## [Action item]
Leave out the pictures and repeat the data exactly.

## [Input data]
======

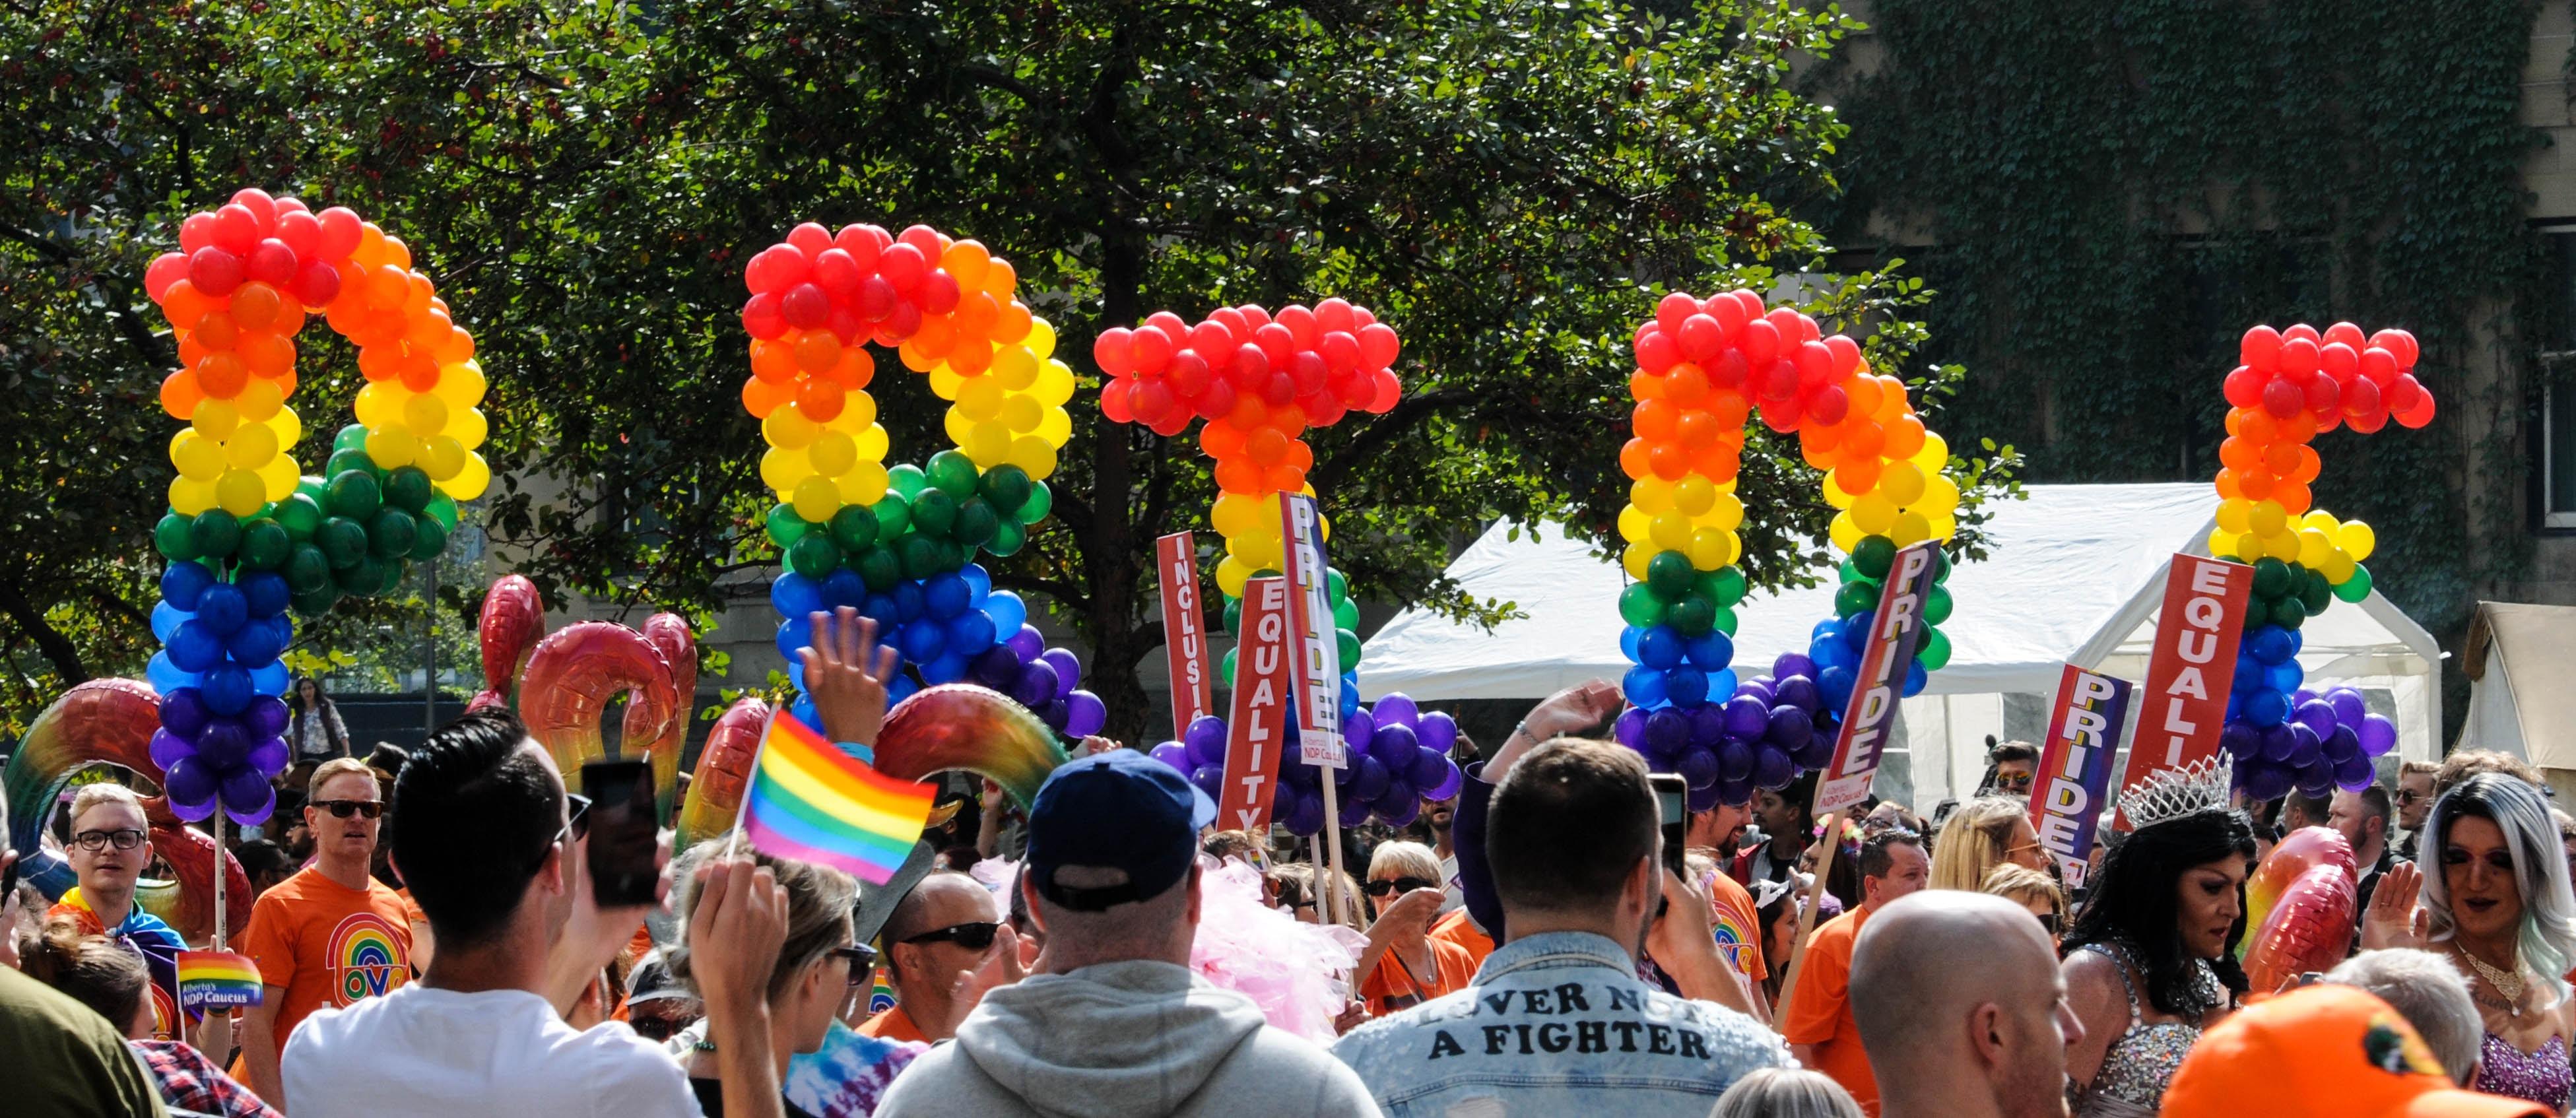 pride, parade, gay, lgbt
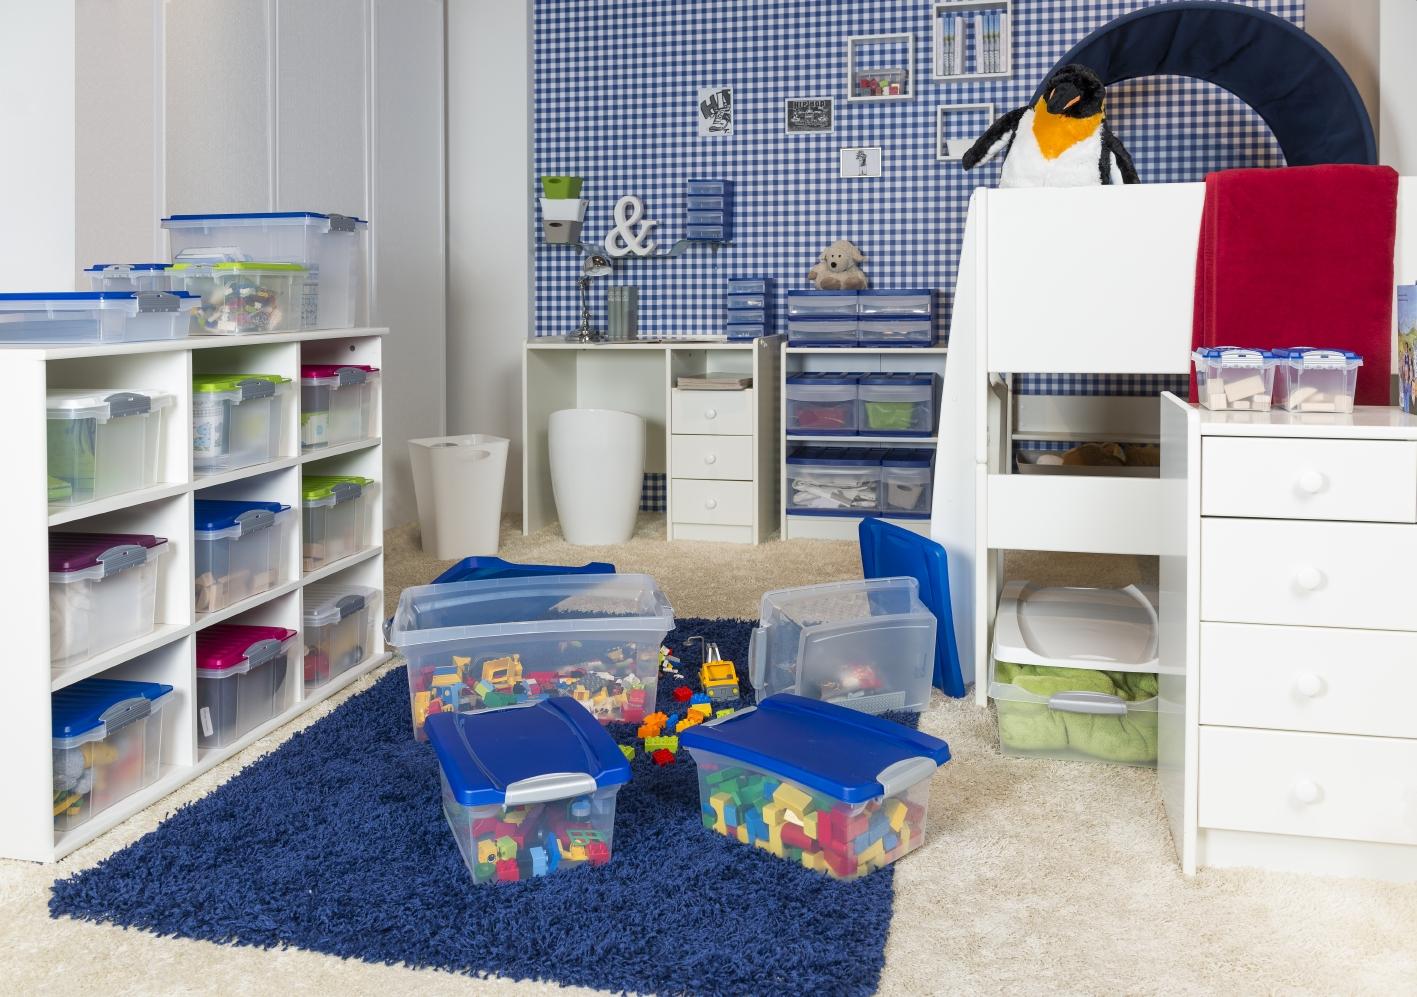 Full Size of Kinderzimmer Aufbewahrung Spielzeug Regal Lidl Aufbewahrungskorb Rosa Aufbewahrungsbox Aufbewahrungsboxen Gebraucht Blau Ikea Aufbewahrungssystem Ordnung Und Kinderzimmer Kinderzimmer Aufbewahrung
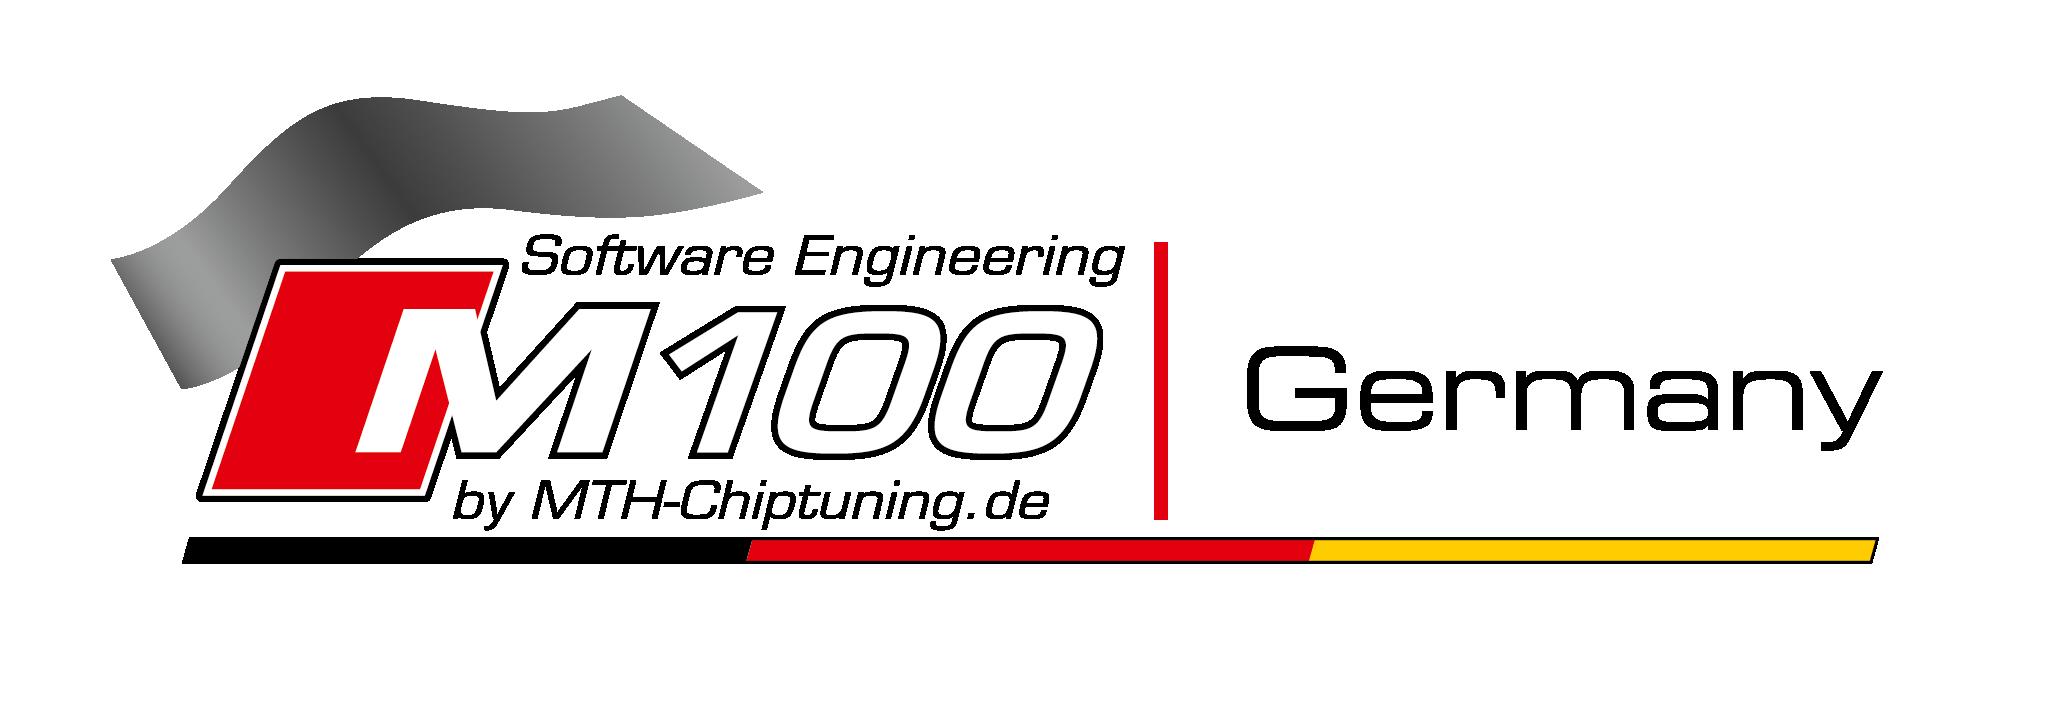 mth-16002_logo_m100_mth_de_aufweiss_v2_vecto

======

## [Answer area]
 pride, parade, gay, lgbt
 Full Size of Kinderzimmer Aufbewahrung Spielzeug Regal Lidl Aufbewahrungskorb Rosa Aufbewahrungsbox Aufbewahrungsboxen Gebraucht Blau Ikea Aufbewahrungssystem Ordnung Und Kinderzimmer Kinderzimmer Aufbewahrung
 mth-16002_logo_m100_mth_de_aufweiss_v2_vecto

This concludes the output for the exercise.